• Problem requirements:
Retype the data exactly, skipping any picture in it.

Dataset content below:

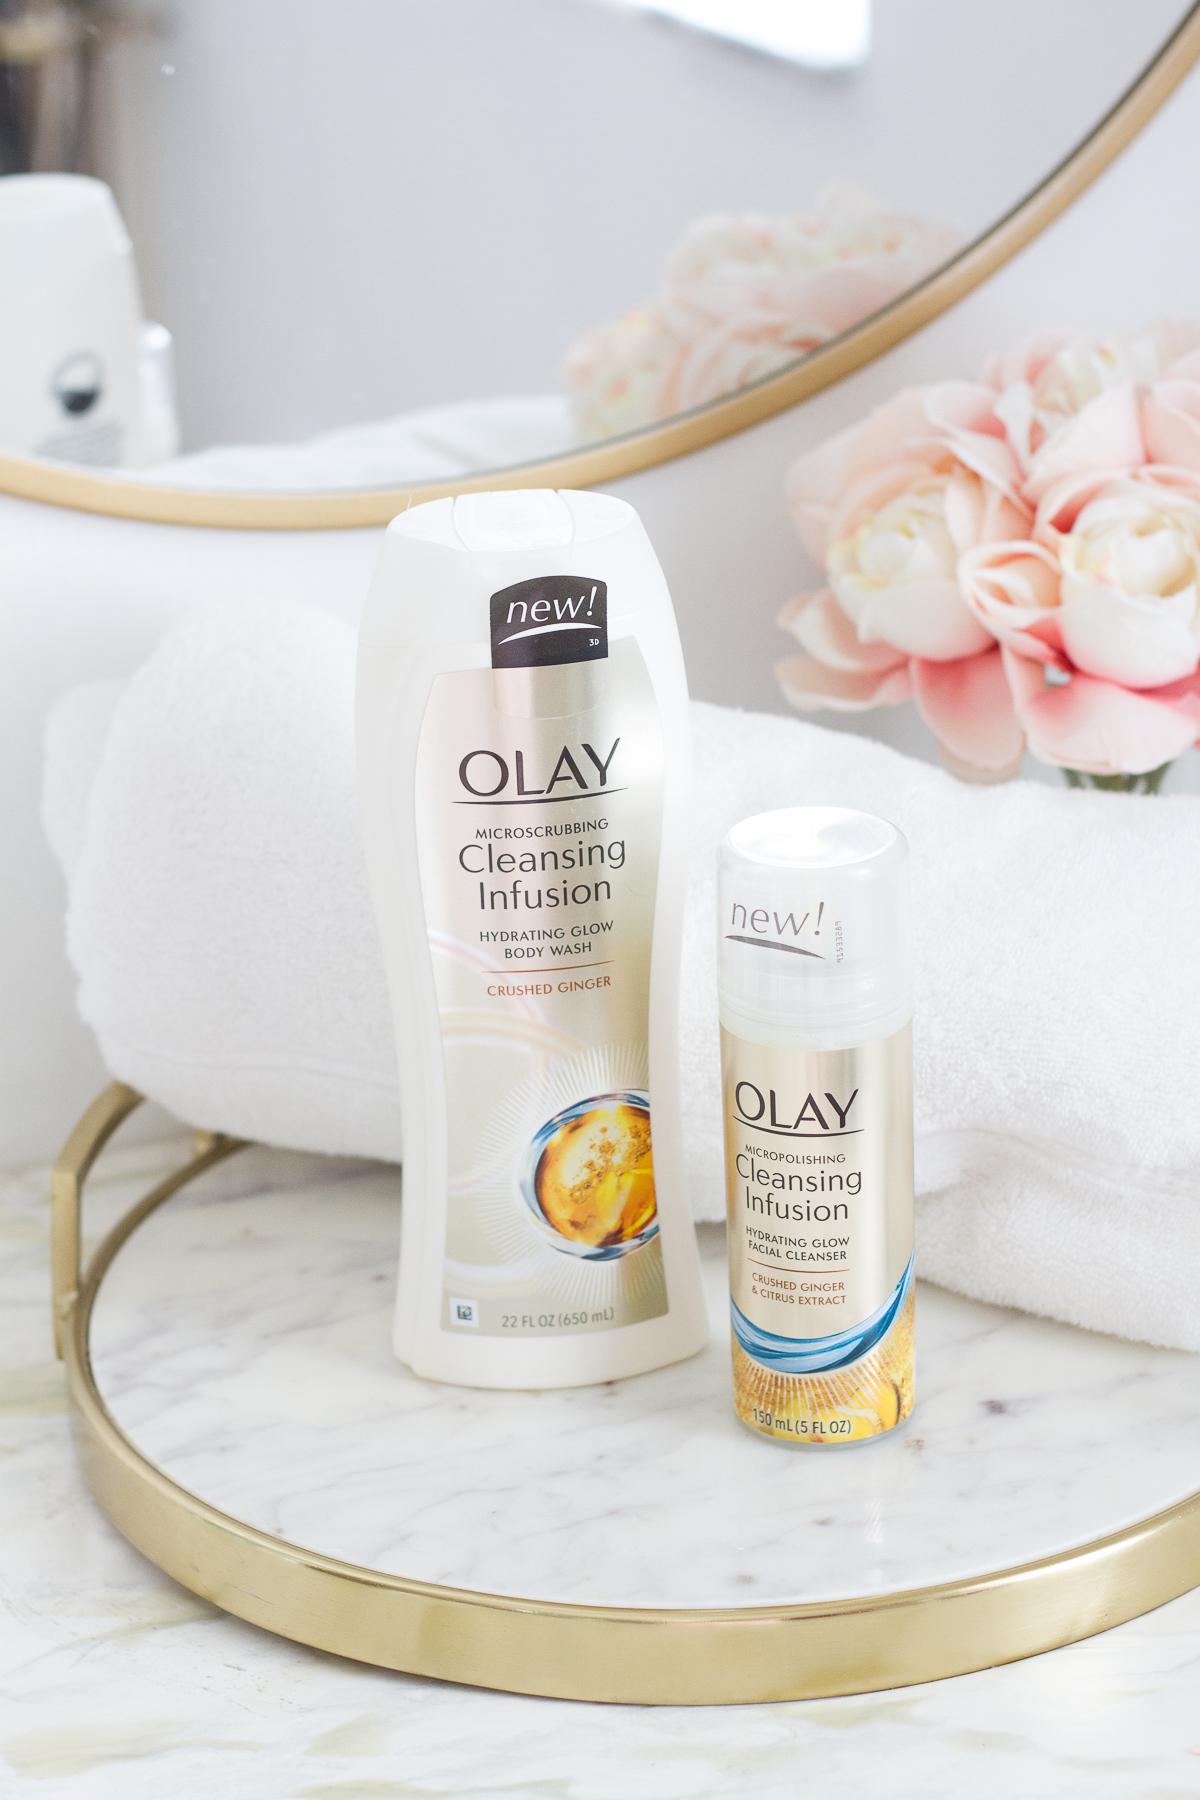 Olay Glow Up-3
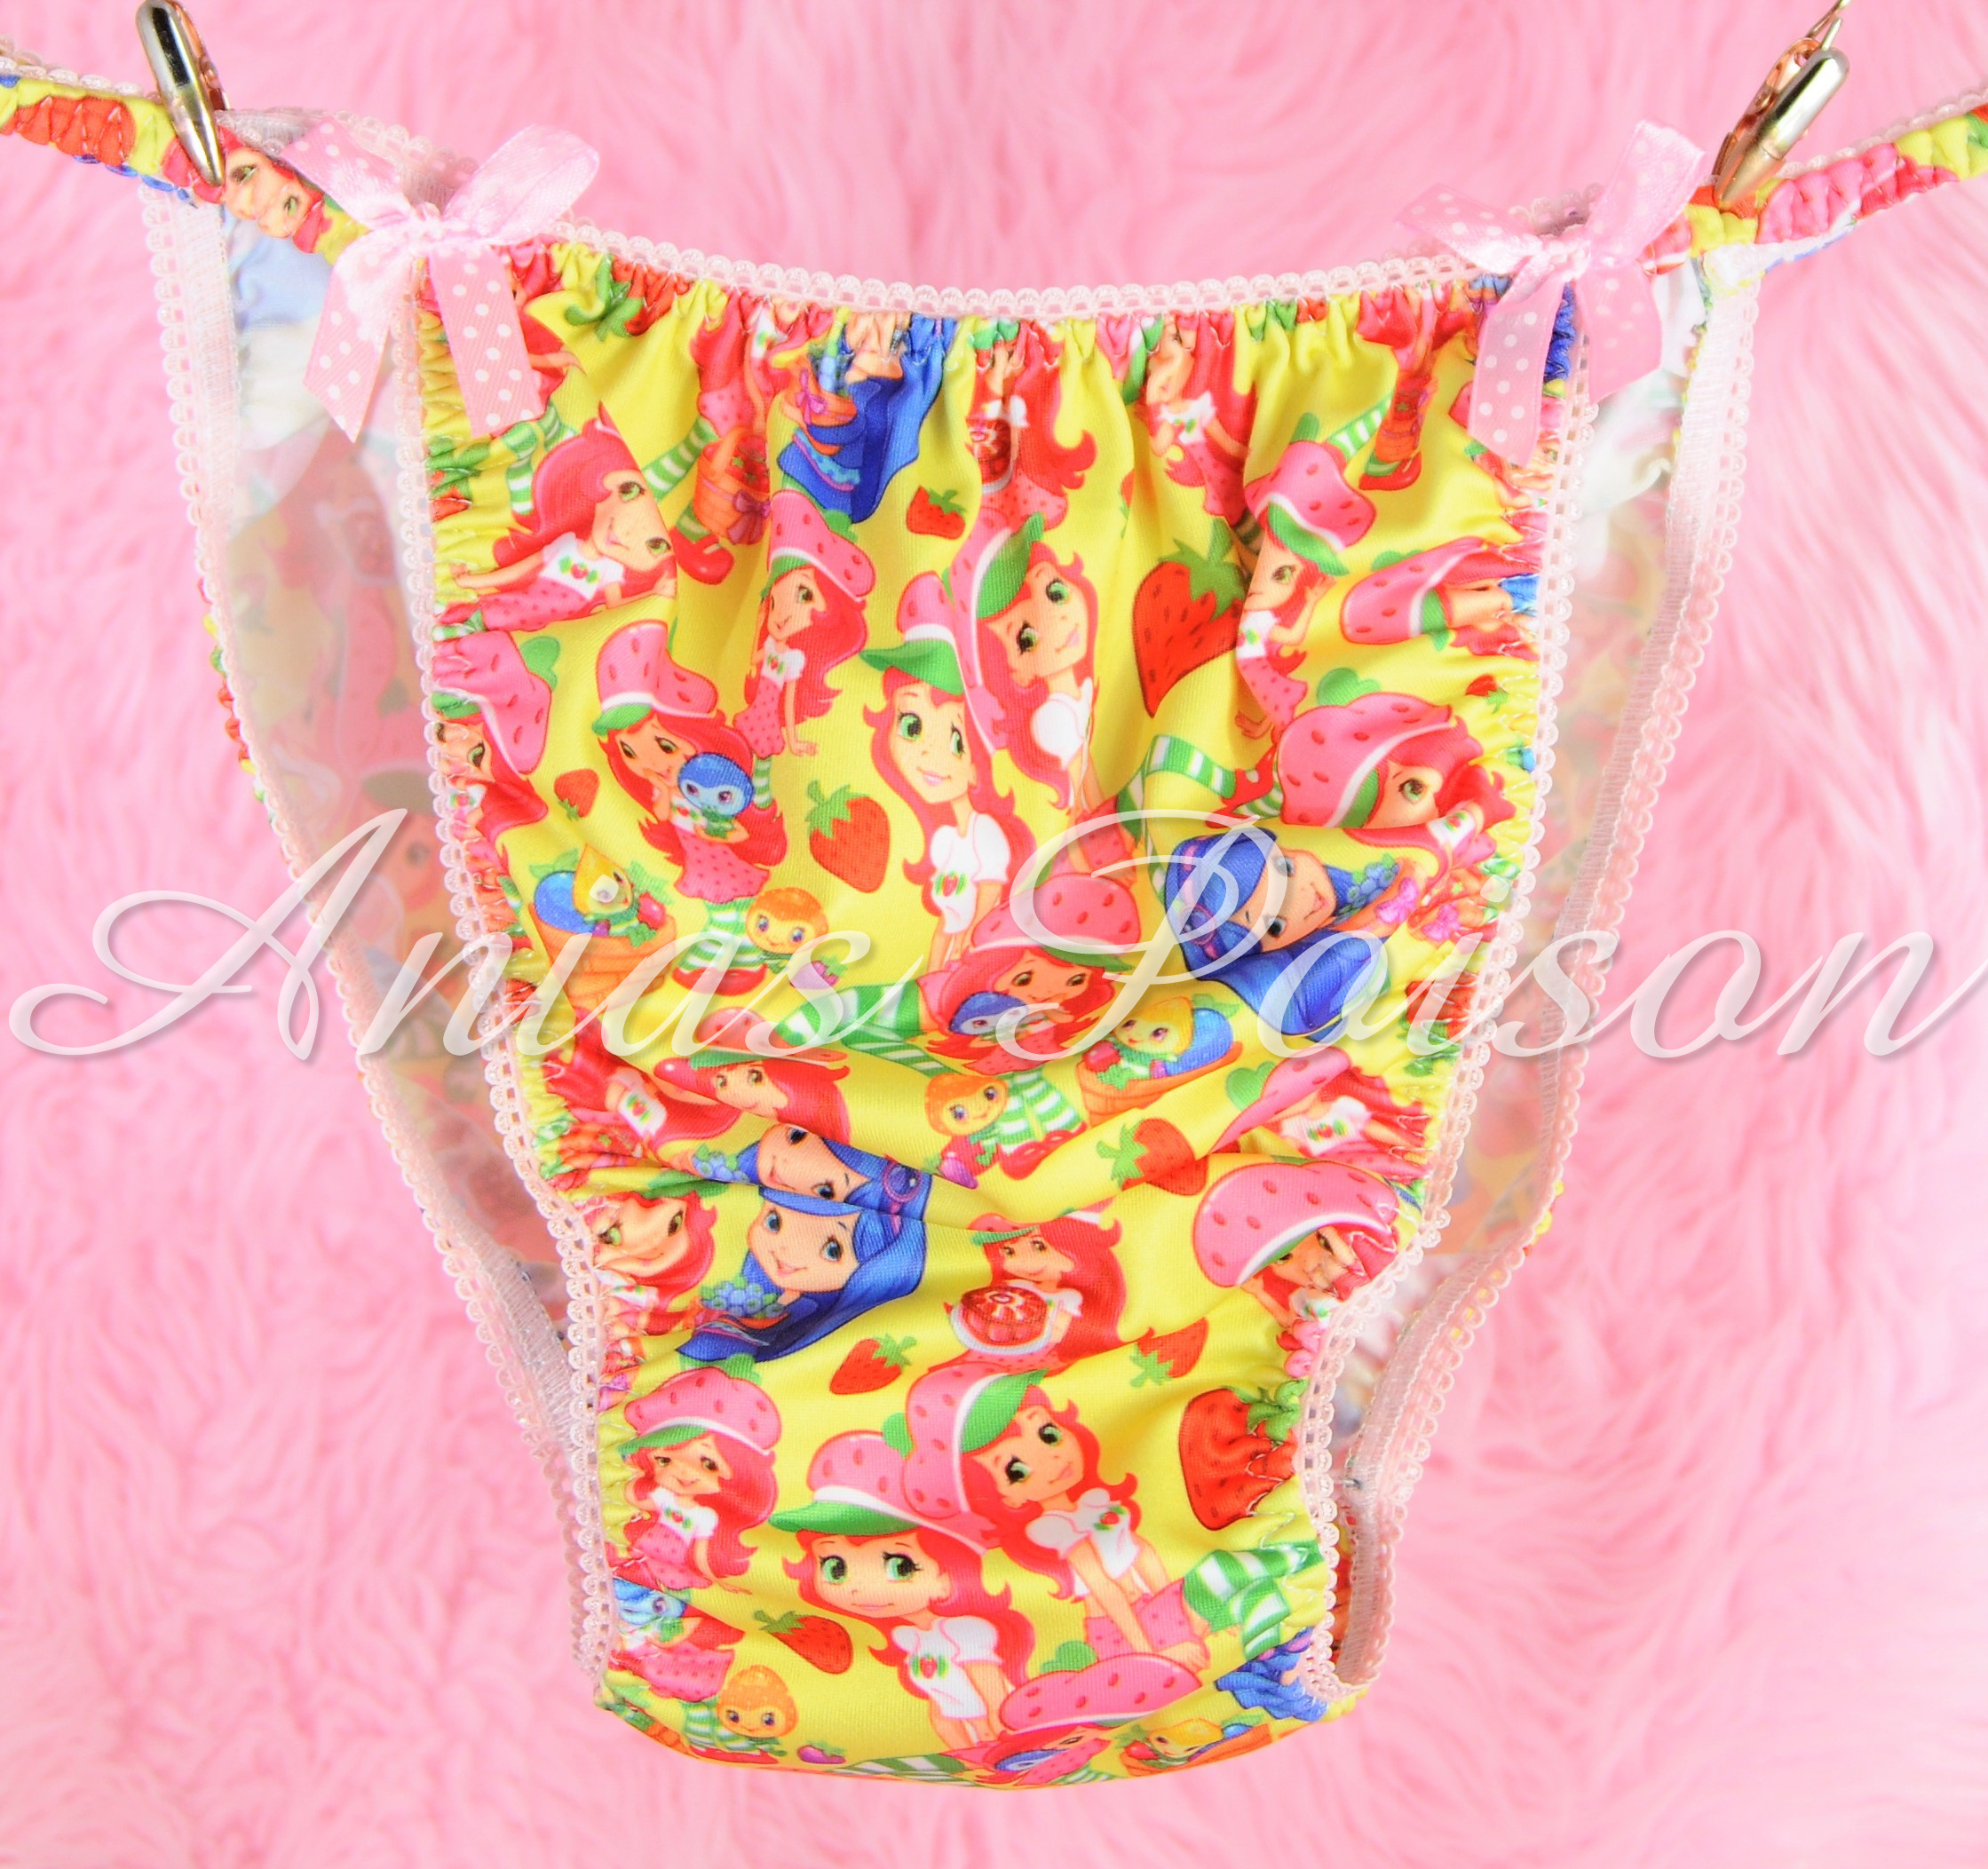 Rare Novelty Character print Spandex Stretch string bikini Strawberry Shortcake Princess Panties 00219
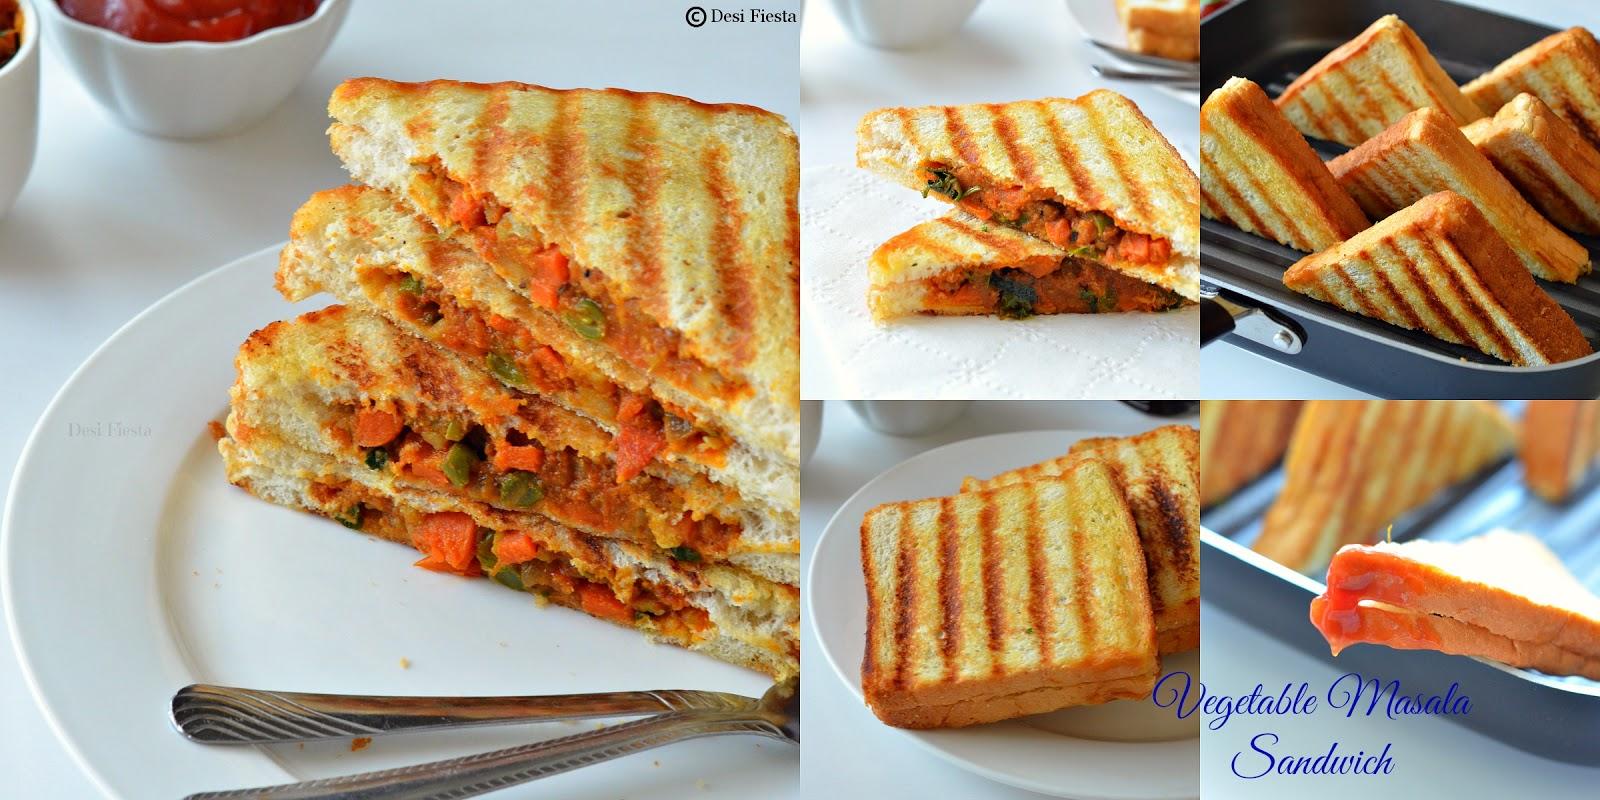 Masala filled sandwich
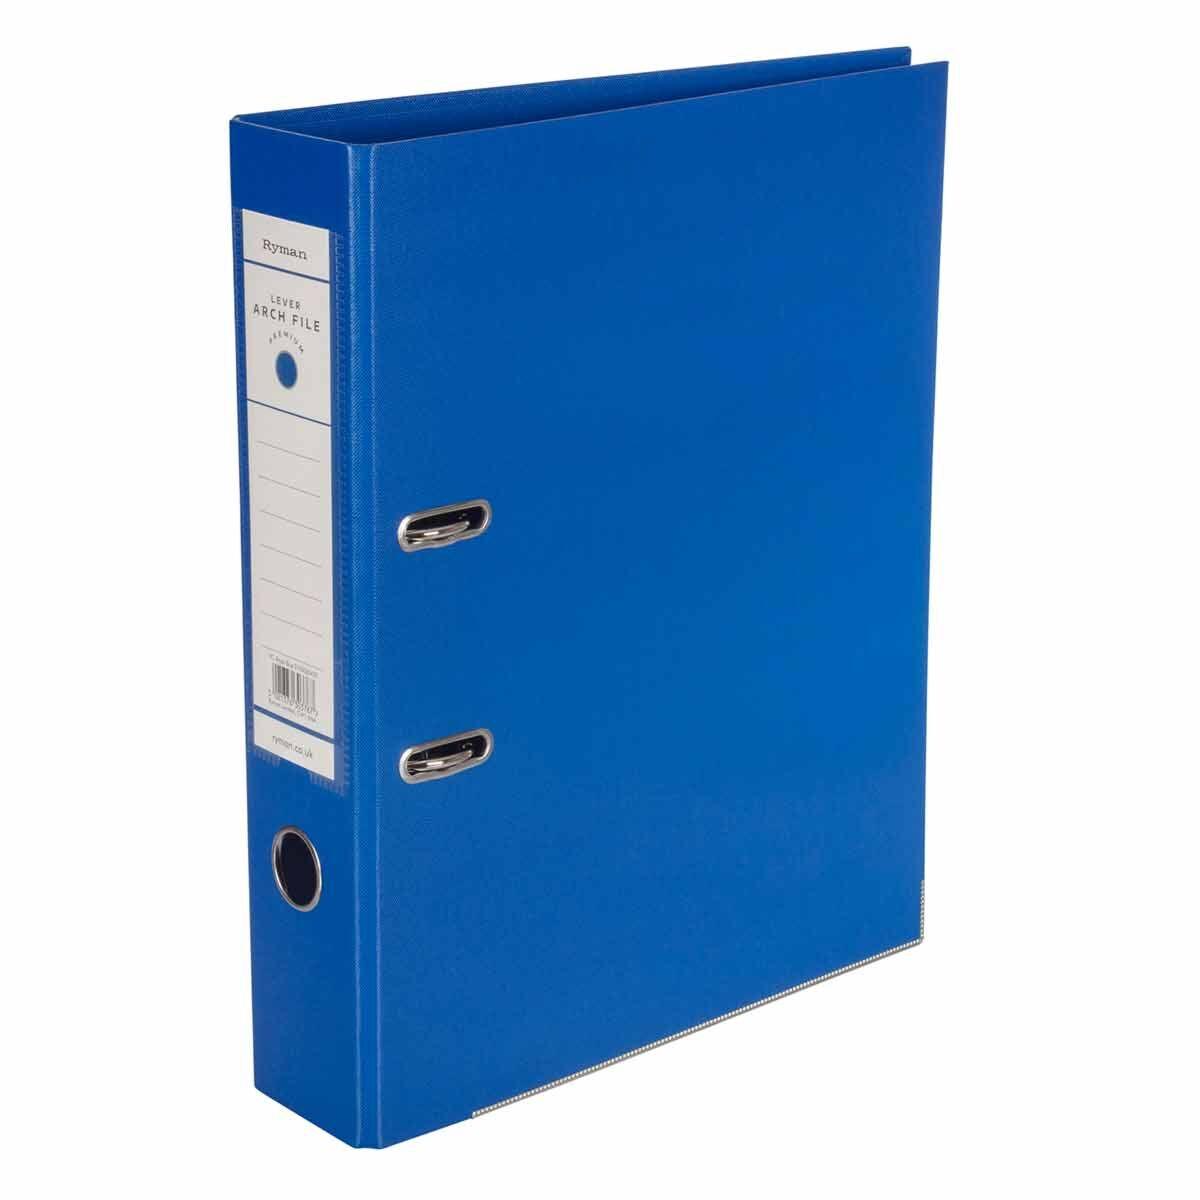 Ryman Premium Lever Arch File Foolscap Royal Blue

End of Dataset content.

• Answer:
 Olay Glow Up-3
 Rare Novelty Character print Spandex Stretch string bikini Strawberry Shortcake Princess Panties 00219
 Masala filled sandwich
 Ryman Premium Lever Arch File Foolscap Royal Blue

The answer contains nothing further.